Russia’s leadership is well aware the nation is likely to live under Western sanctions for a long time, Prime Minister Mikhail Mishustin said on Wednesday. The government is calculating all the risks associated with the existing and potential future restrictions and is ready for any scenario, he added.
“We understand that sanctions are not a temporary phenomenon. They will not be lifted in an instant. Our former partners have gone too far to just turn around and retreat,” he told the ‘Znanie’ (‘Knowledge’) forum in Moscow.
According to the prime minister, the US and its allies have been slapping Russia with restrictions to “disrupt the economy, hurt the people and hit their standard of living, ‘cancel’ Russia and strip it of the ability to choose its own path based on its peoples’ interests.”
The Russian economy has been weathering the sanctions push well so far and demonstrated its resilience, Mishustin said, adding that some industries still need to fully restore their production chains. The prime minister earlier told the State Duma that the downturn the Russian economy experienced in 2022 was not as drastic as had been predicted, adding that the nation is going back to economic growth now.
The Russian government’s head also warned that the “sanctions war” ultimately led nowhere and only impeded global economic development.

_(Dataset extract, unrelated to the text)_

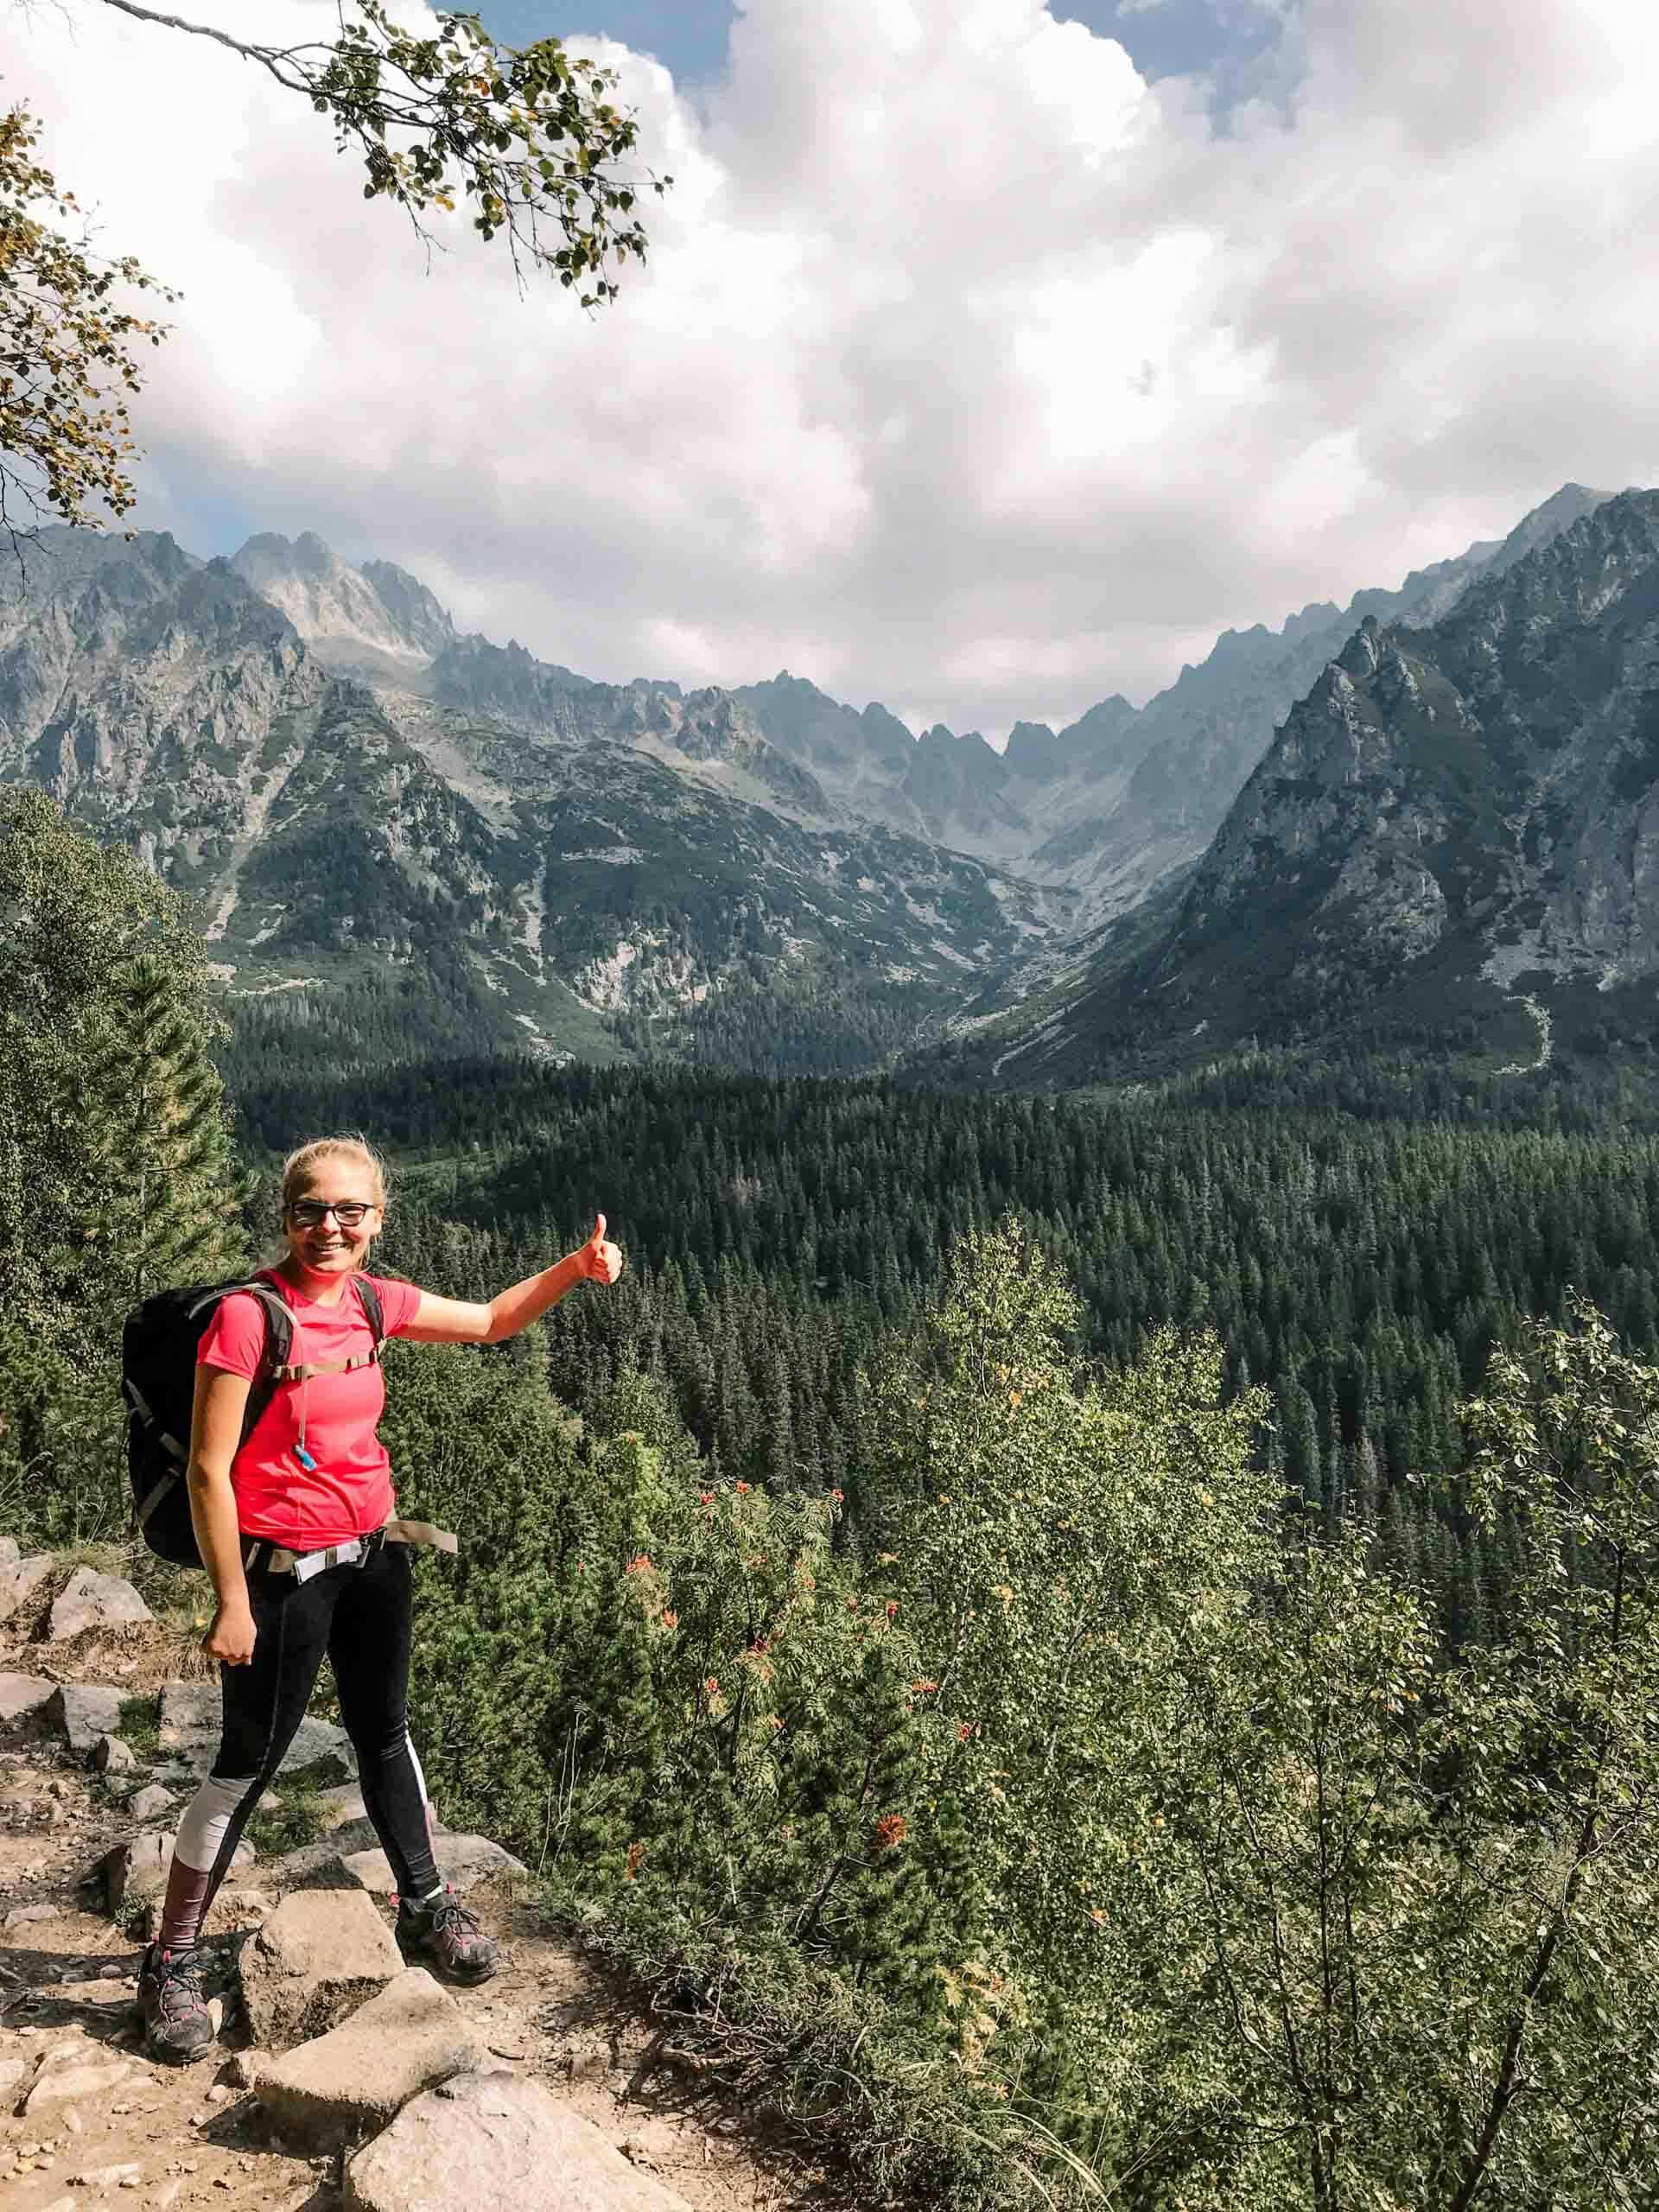 Rysy - Vysoké Tatry - Jiráci na cestách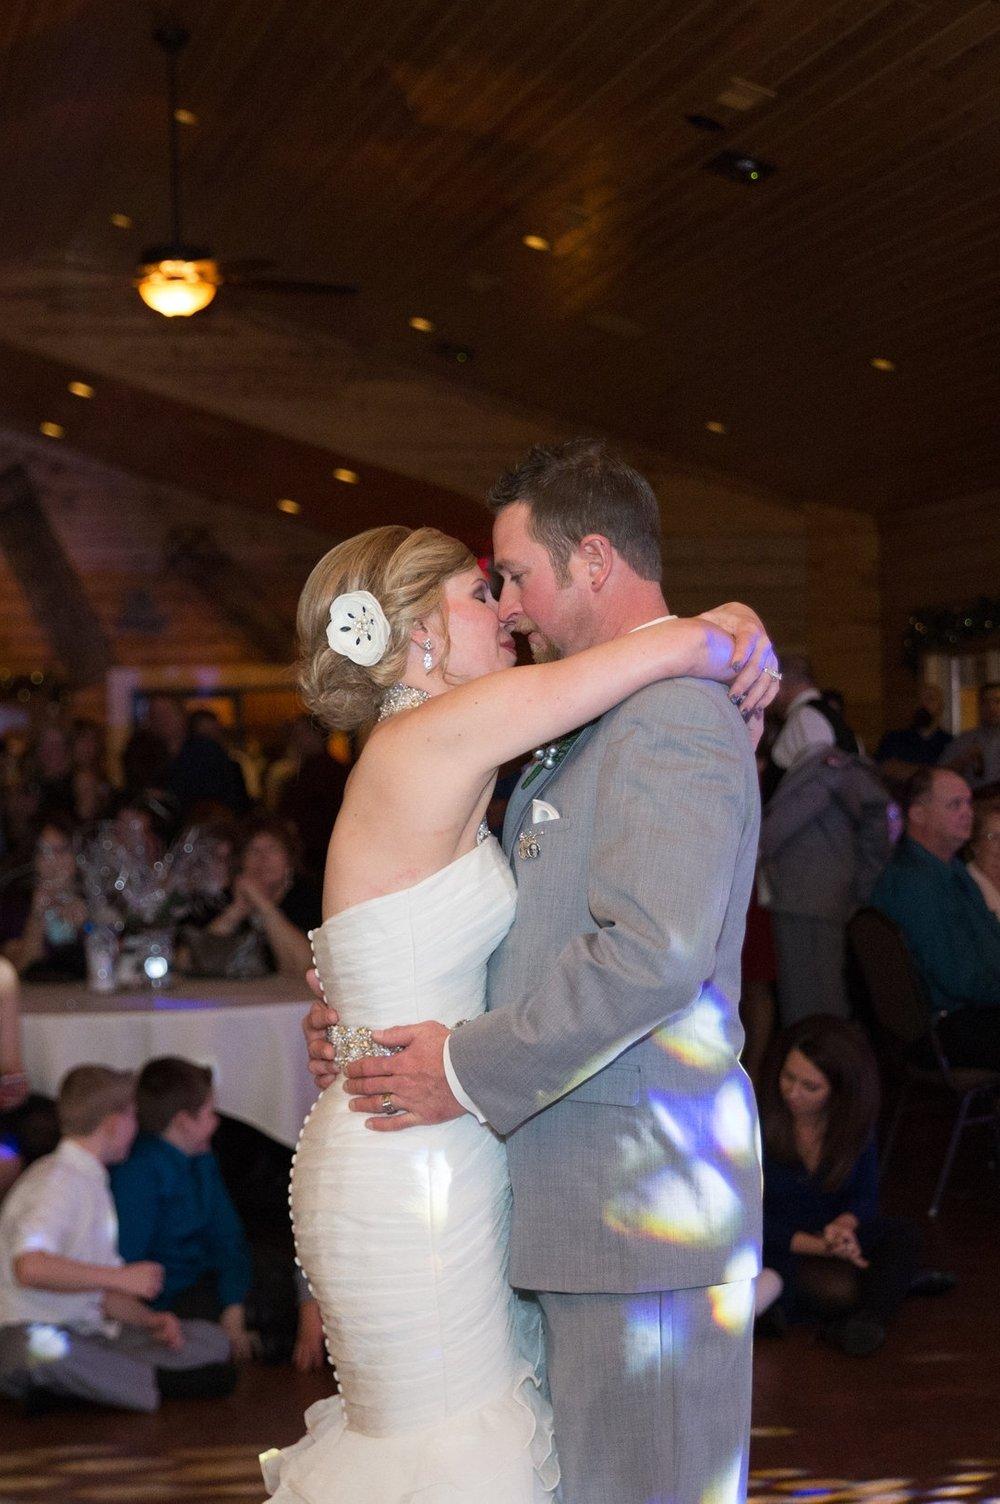 Brillion Wisconsin Wedding Photographer - Whit Meza Photography59.jpg

The world is now dominated by developments affecting every aspect of life, the prime minister said, naming the rapid development of information technologies used in various fields as one of such processes. “They [IT technologies] are now an important condition of long-term quality economic growth,” he said.
Last week, the head of the Russian Central Bank, Elvira Nabiullina, said that the Western sanctions Russia had to face last year were worse than “even the most pessimistic scenario.” Although no one could have predicted anything like that, both the Russian people and the country’s businesses demonstrated remarkable adaptability in the face of this new reality, she added.
The US and EU have introduced a total of ten rounds of sanctions over the conflict. In December, the EU, along with the G7 countries and Australia, introduced a price cap on Russian seaborne oil, set at $60 per barrel.